Tom Brokaw documentary on 1968 receives tepid review from NYT





A theory on documentaries that strip-mine the 1960s: The less fresh insight the program has to offer, the earlier the Buffalo Springfield song “For What It’s Worth” will turn up on the soundtrack. Written by Stephen Stills, that astonishing song (“There’s something happening here/What it is ain’t exactly clear”) came to encapsulate ’60s turmoil so perfectly that resorting to it is a subconscious admission by a documentarian: “I have nothing to say that Stephen Stills didn’t say better in 2 minutes 41 seconds.”
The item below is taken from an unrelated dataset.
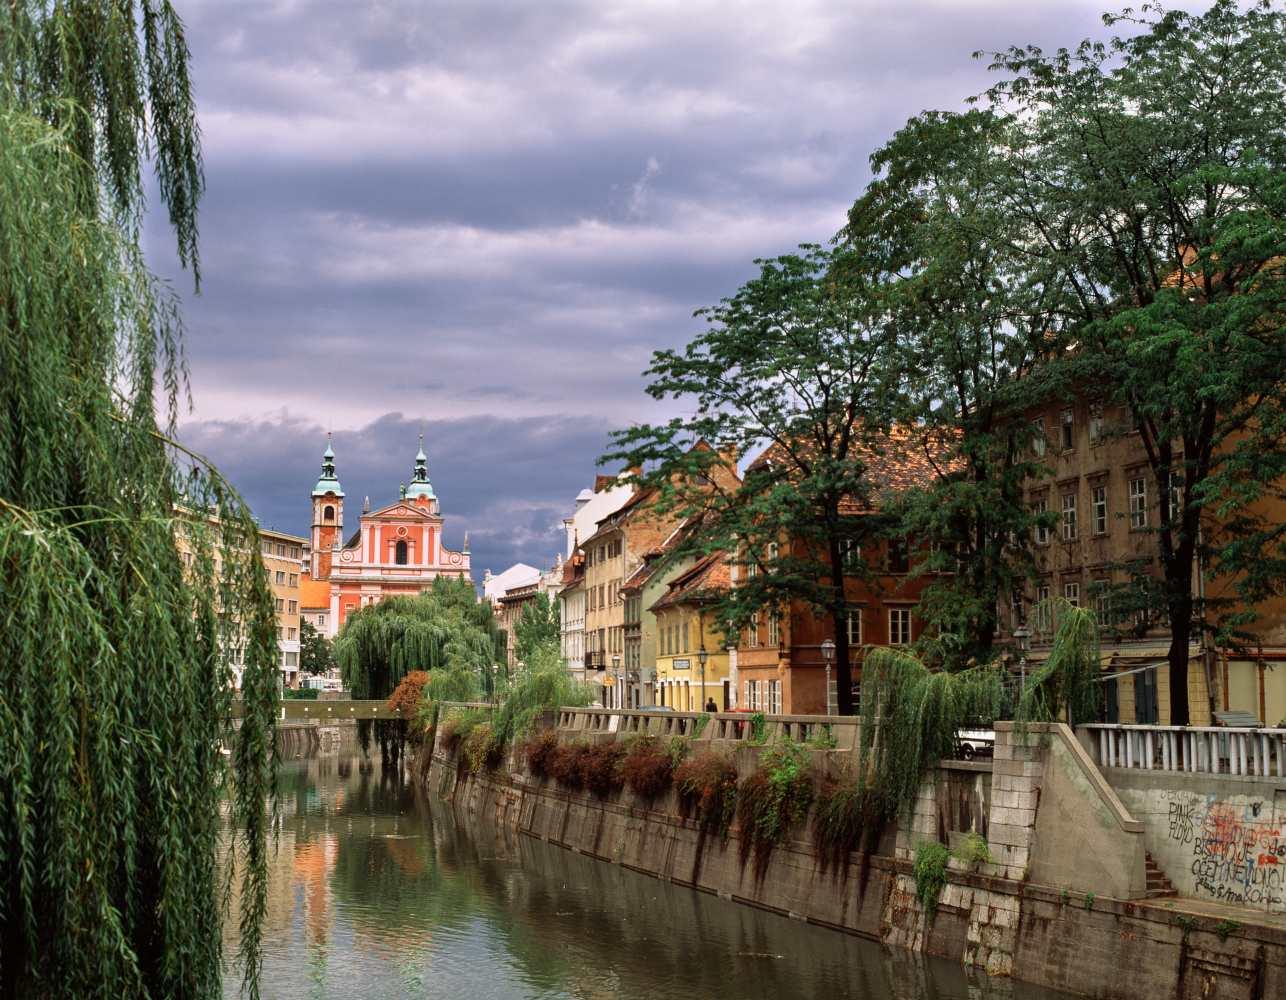 Canal no rio em Ljubljana

The song is heard about two minutes into the two-hour “1968 With Tom Brokaw,” tomorrow night on the History Channel. Its instantly recognizable two-note opening rings like an alarm bell for the viewer: “Warning: Regurgitation of a lot of stuff you already know ahead.”

It didn’t have to be that way. Mr. Brokaw has an eclectic array of voices in his program: Arlo Guthrie, Tommy Smothers, Pat Buchanan, James Taylor, Rafer Johnson, Dorothy Rabinowitz. And early on it seems as if he might be breaking the mold in refreshing fashion as he mixes familiar 1968 film clips with personal stories, his own and others’.

But the program soon lapses into a standard timeline format, which confronts Mr. Brokaw with the same dilemma faced by anyone who visits this decade: Do I make my program for people who were there, or for people who weren’t?